Pressed hard against his body, Ellen could feel Spurs’ angry breaths punch air in and out of his lungs. She glanced nervously up at him. ‘Kids?’
He swallowed, and gazed at the shattered glass where one bottle had crashed on to a stone path.
‘I don’t want you to have anything more to do with me,’ he said suddenly, standing up.
‘What?’ She rubbed her head and struggled to her feet, too.
‘You heard. I want you to keep your distance.’ He stared at her, his face in shadow, his voice hard. ‘Don’t try to see me again before you leave. We agree to forget about the auction lots. You’d be better off if we’d never met.’
‘Why?’
He let out a hollow laugh, turning away from her. ‘I knew coming back here would mean facing a whole new punishment. And now that my life sentence has been passed, I find something I’ve been searching for all my useless life. If there is a God, I hope he’s bloody well cracking up.’
‘What do you mean by that?’ Ellen asked, her arteries flooded with a heartbreaking wave of rushing blood – the biggest tube she’d ever surfed through, sweeping her off her high horse, her board and her wet feet.
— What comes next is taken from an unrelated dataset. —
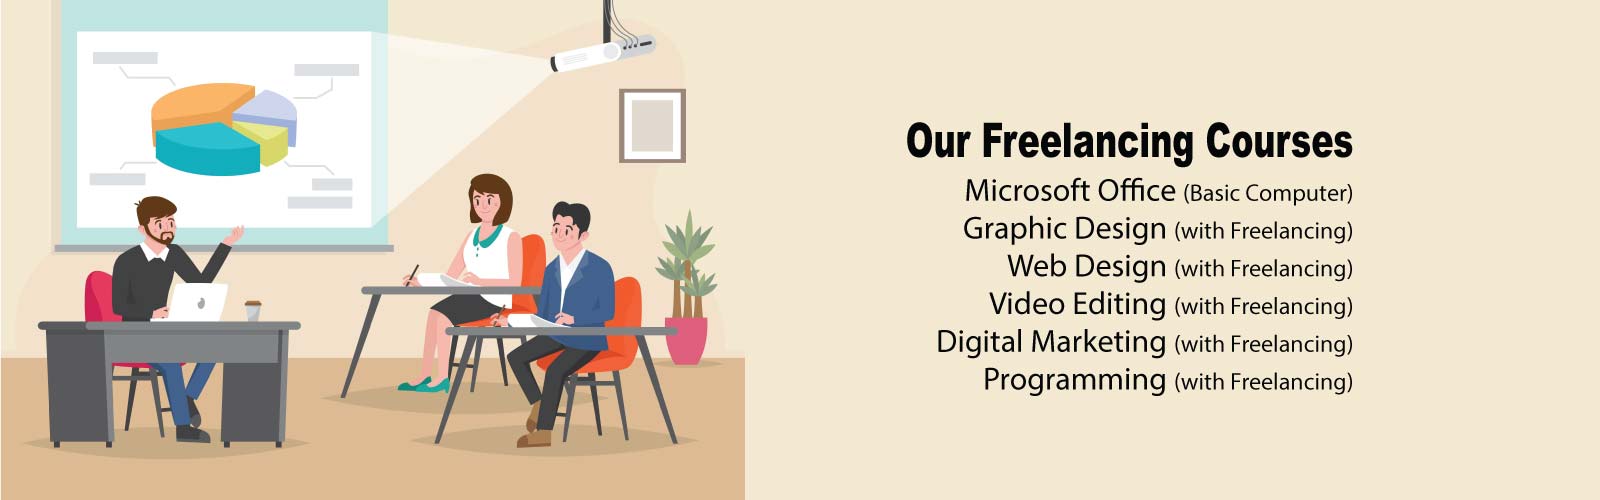 Our Freelancing Courses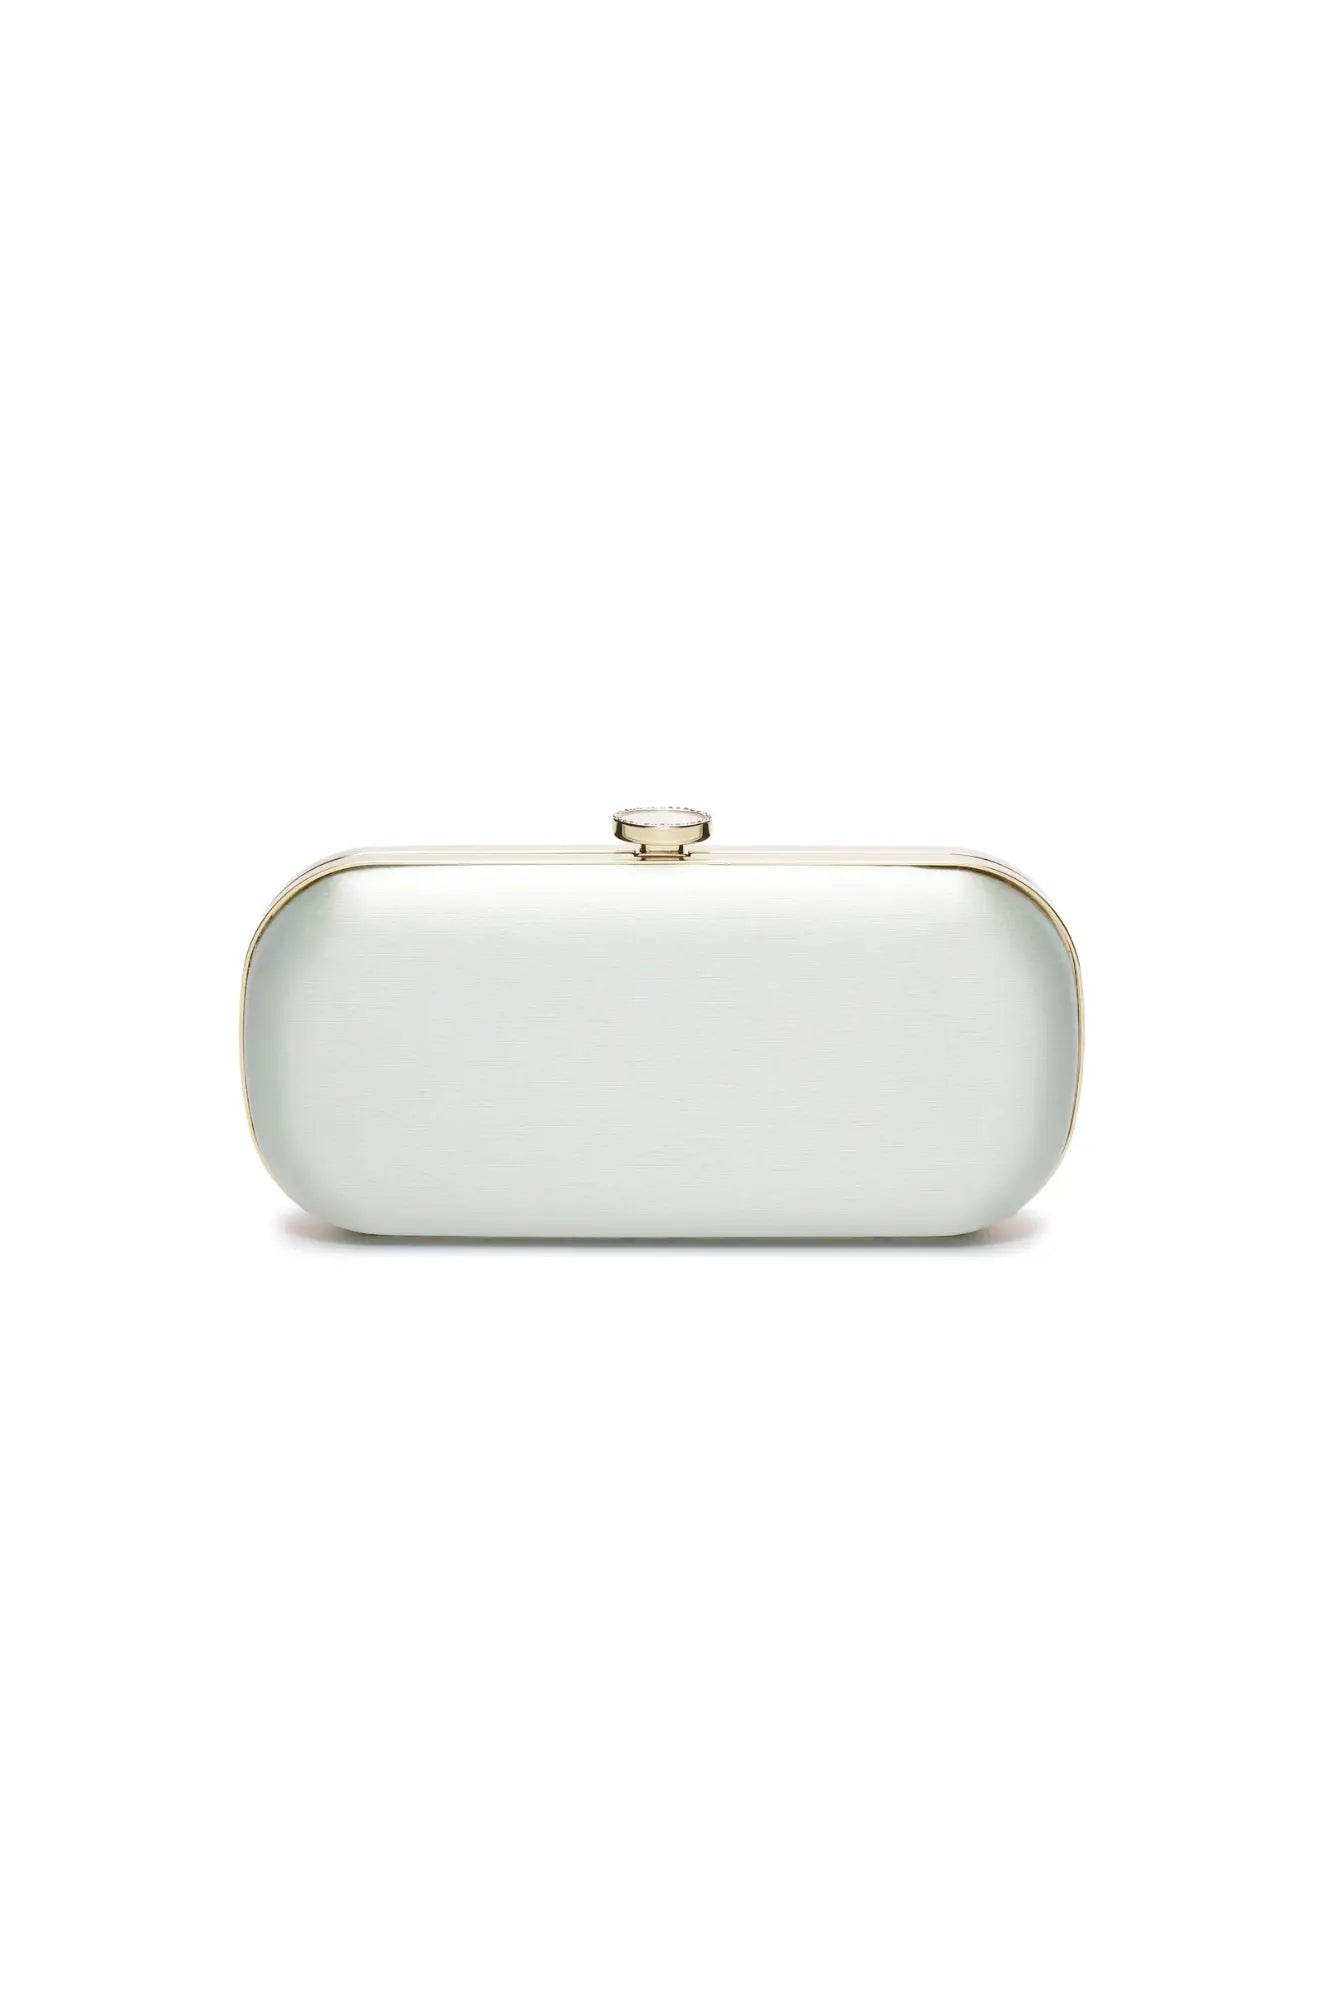 Elegant Bella Clutch Sage Green Satin Petite bridal clutch purse by The Bella Rosa Collection isolated on a white background.

‘Just do as I say, Ellen. You need me like a hole in the head.’ He started walking back towards his kennel flat.
‘At least tell me why.’ She stumbled after him. ‘What do you mean by “life sentence”?’
‘Go away, Ellen.’
‘No! Tell me what’s going on.’
‘What do I have to do to make you leave?’ he stormed, turning back to her.
‘Tell me what you were going to say on the night of the storm. Tell me the truth.’
He stared at her for a long time, his eyes unblinking. Then he shouldered the black door open. ‘Don’t glorify this with any great significance, Ellen. You were right all along. I only ever wanted to fuck you. Then I found out that the estate agent had already dropped off a deposit and I withdrew my offer.’
‘You don’t mean that,’ Ellen gasped.
He closed one gleaming eye. ‘Oh, I do.’ As the door opened, spilling light past him, his face disappeared into shadow. ‘You’re not that hot.’ With that, the door closed.
Ellen saw red, not even thinking before she started screaming at the door, ‘Yeah, and I’m going round the world as soon as I leave this dumbass backwater!’ She hopped rabidly on the spot. ‘So you can just fuck off and play with your dead badgers, you twisted bastard!’